[DATASET CONTENT]

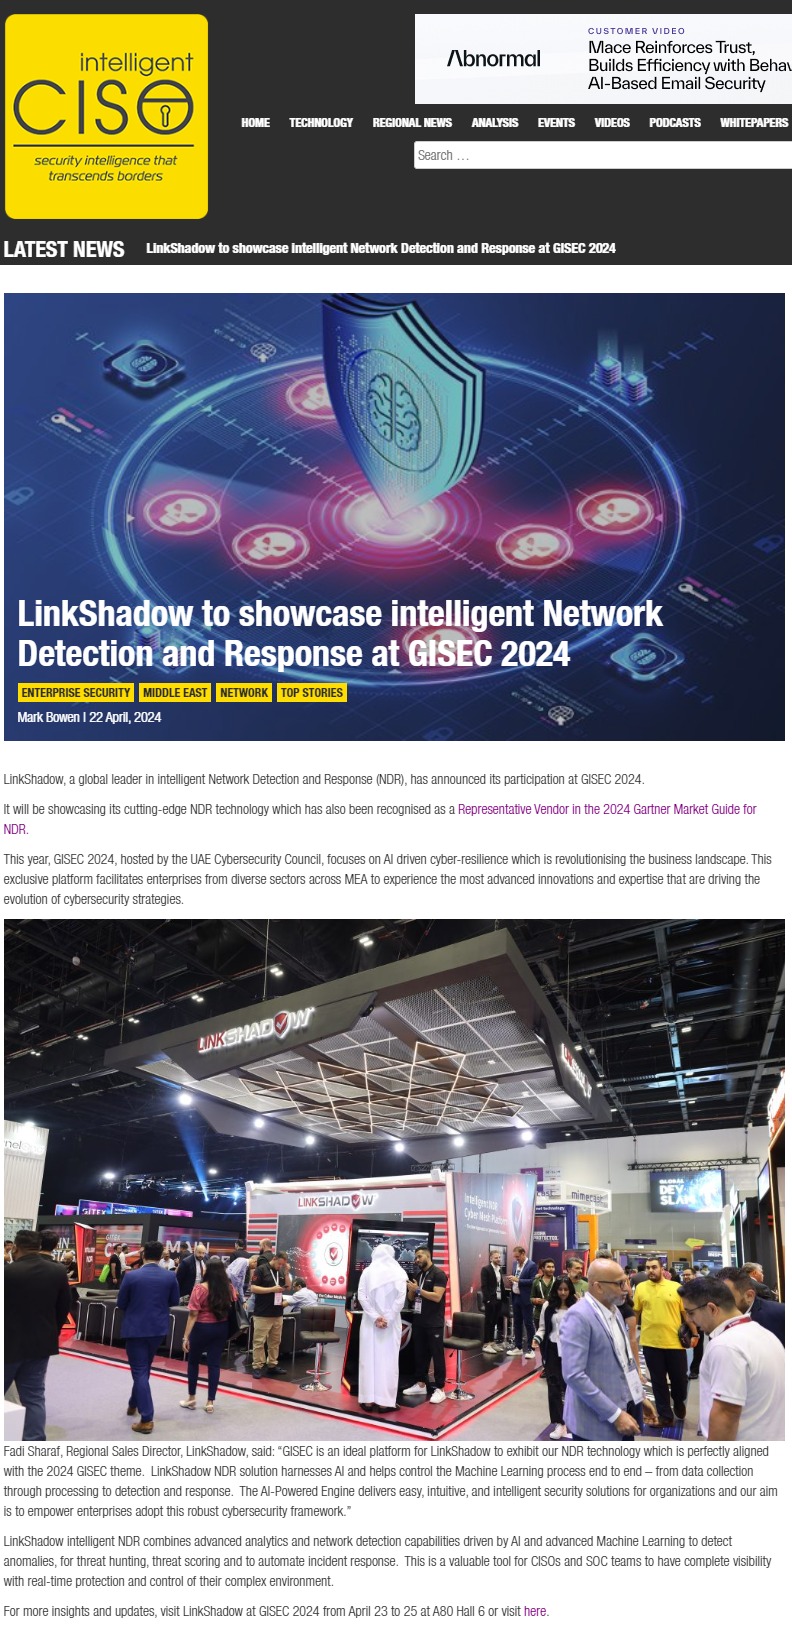 LinkShadow to showcase intelligent Network Detection and Response (NDR) at GISEC 2024
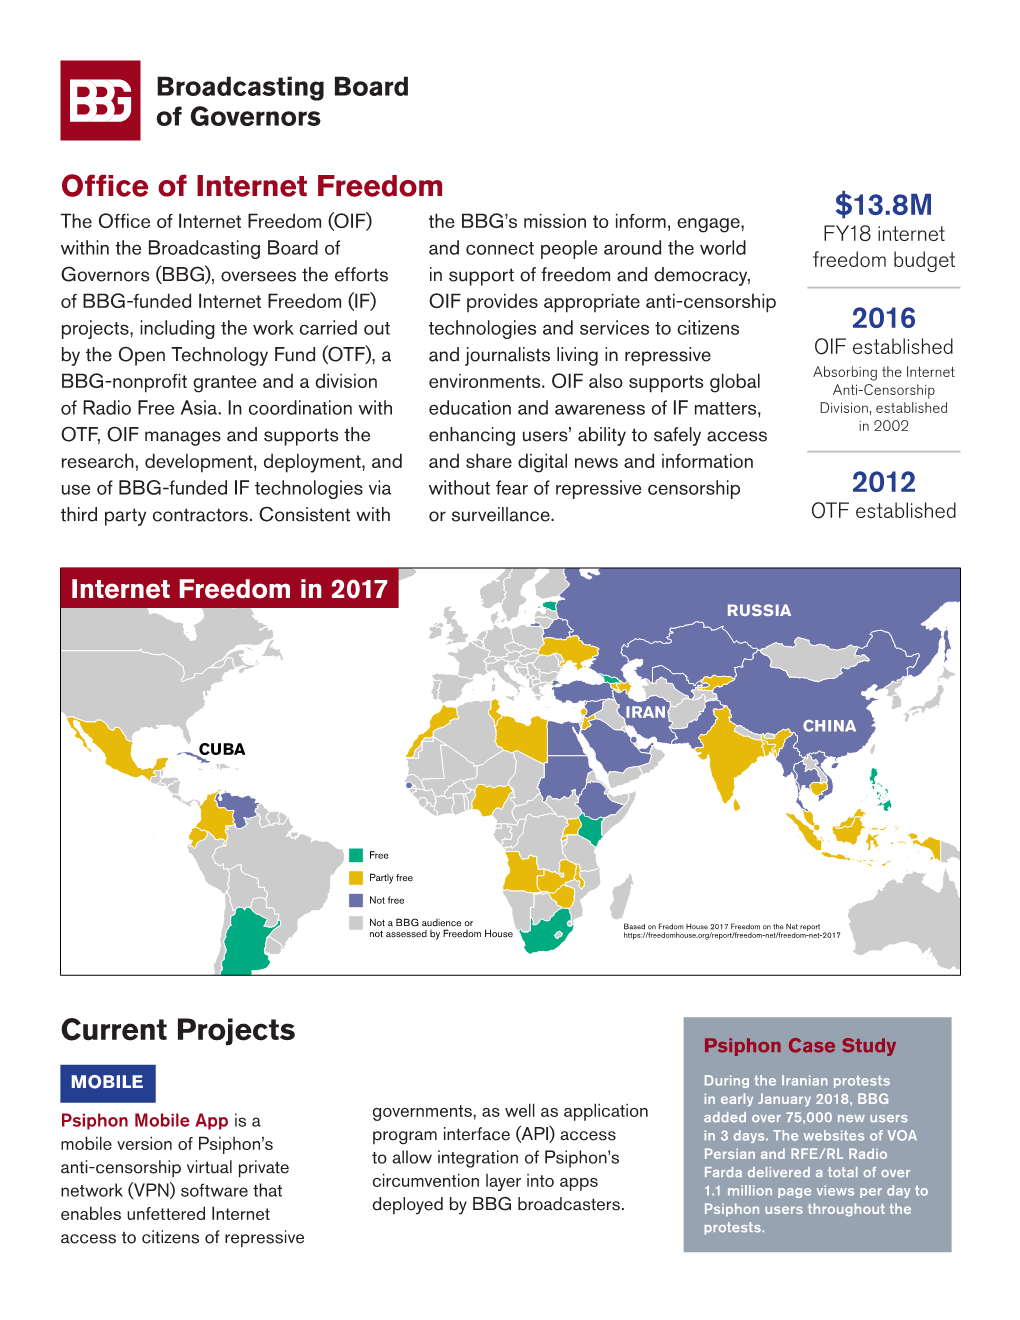 Office of Internet Freedom $13.8M 2016 2012 Current Projects
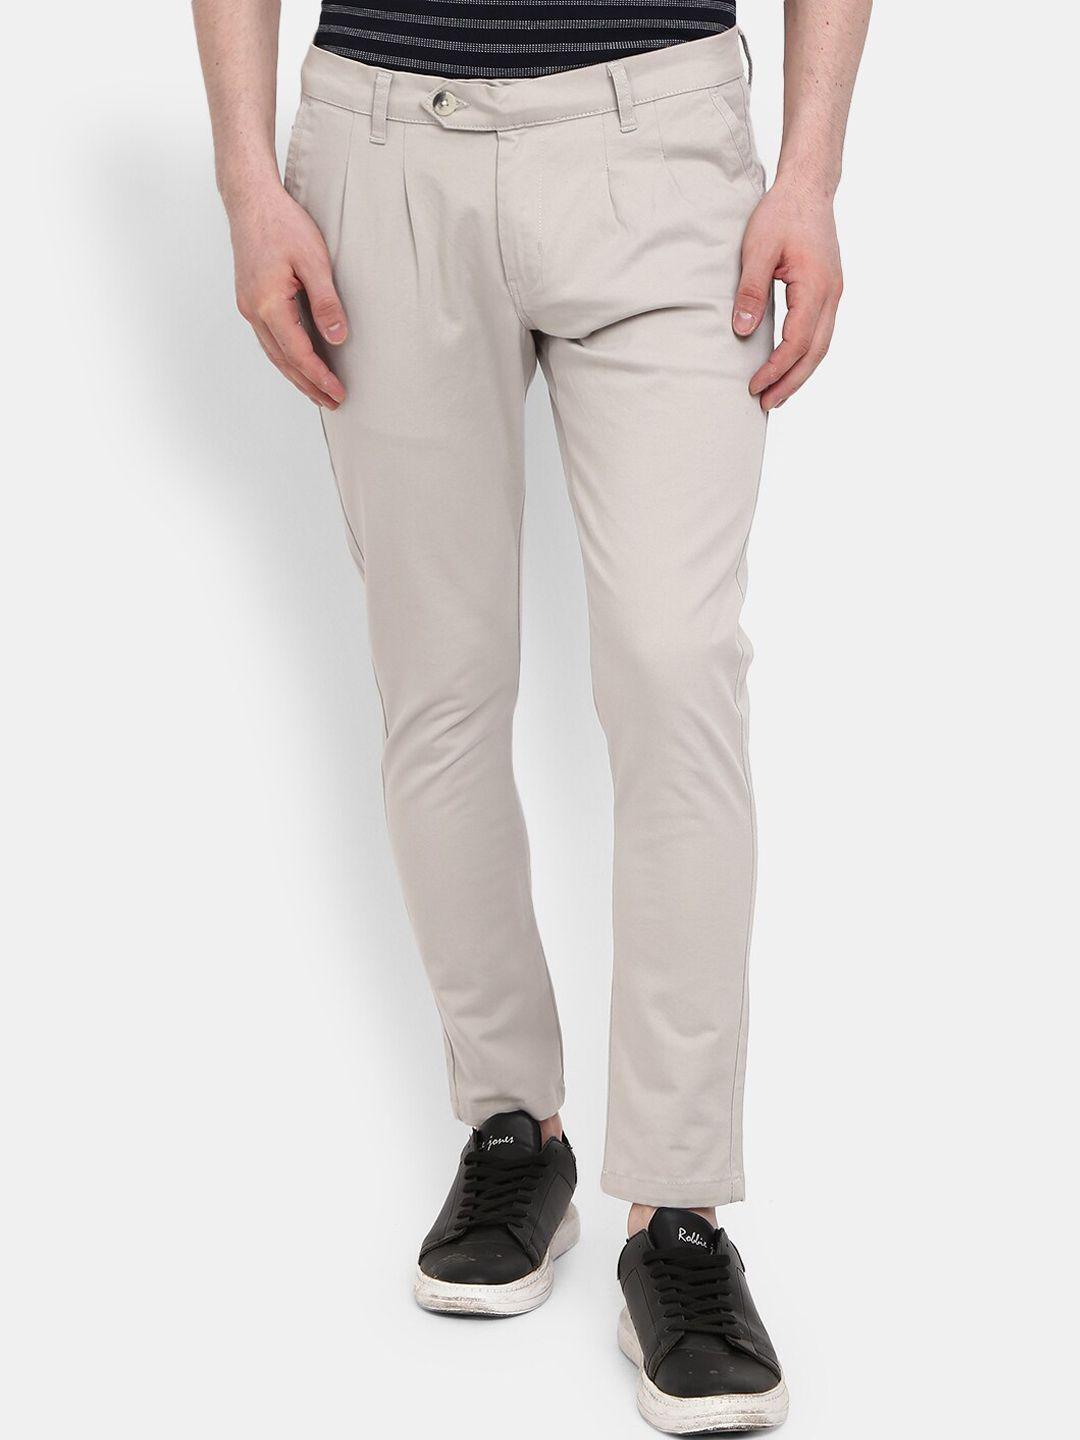 v-mart men grey easy wash pleated chinos trousers
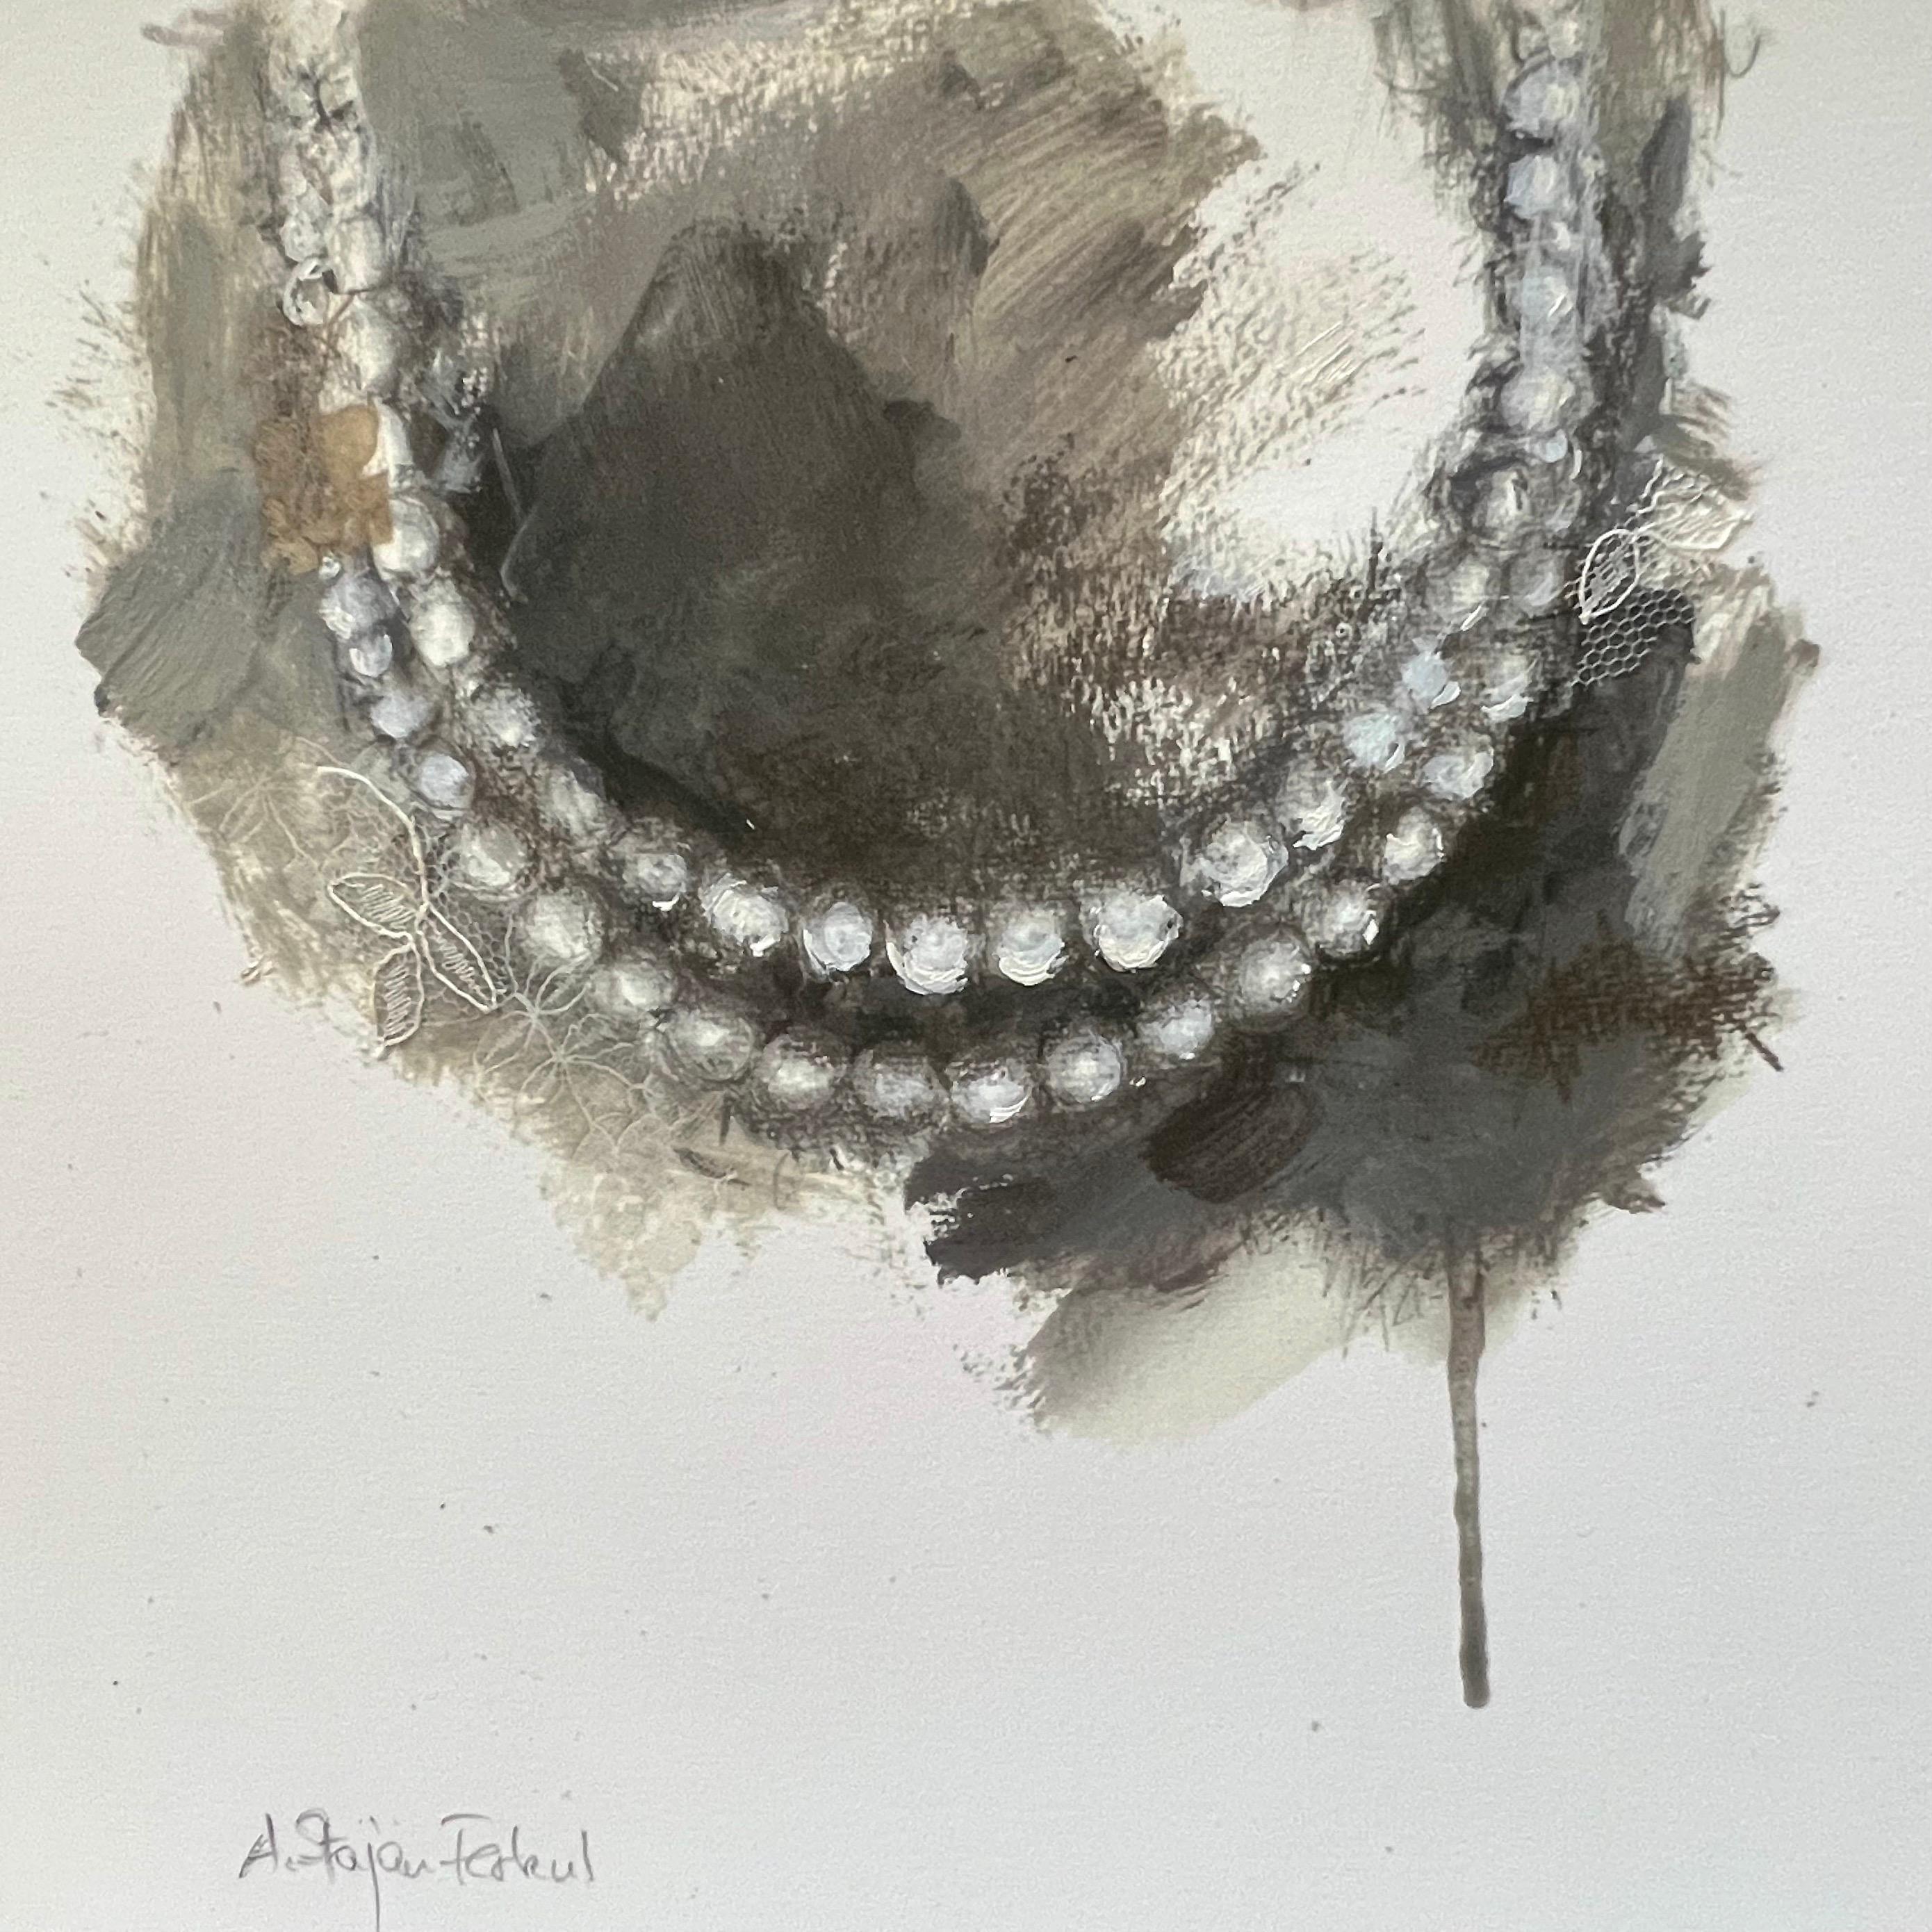 Homage to the classic double strand pearl necklace. The fusion of digital and hand painted elements give this artwork distinct character and individuality. The one-of-a-kind Giclée print is a high-quality reproduction of an original artwork, printed

[/DATASET CONTENT]

> [PROMPT]
Write out the material above without changing a word, and skip any picture.

> [ANSWER TO THIS PROBLEM]
 LinkShadow to showcase intelligent Network Detection and Response (NDR) at GISEC 2024
 Office of Internet Freedom $13.8M 2016 2012 Current Projects
 v-mart men grey easy wash pleated chinos trousers
 Homage to the classic double strand pearl necklace. The fusion of digital and hand painted elements give this artwork distinct character and individuality. The one-of-a-kind Giclée print is a high-quality reproduction of an original artwork, printed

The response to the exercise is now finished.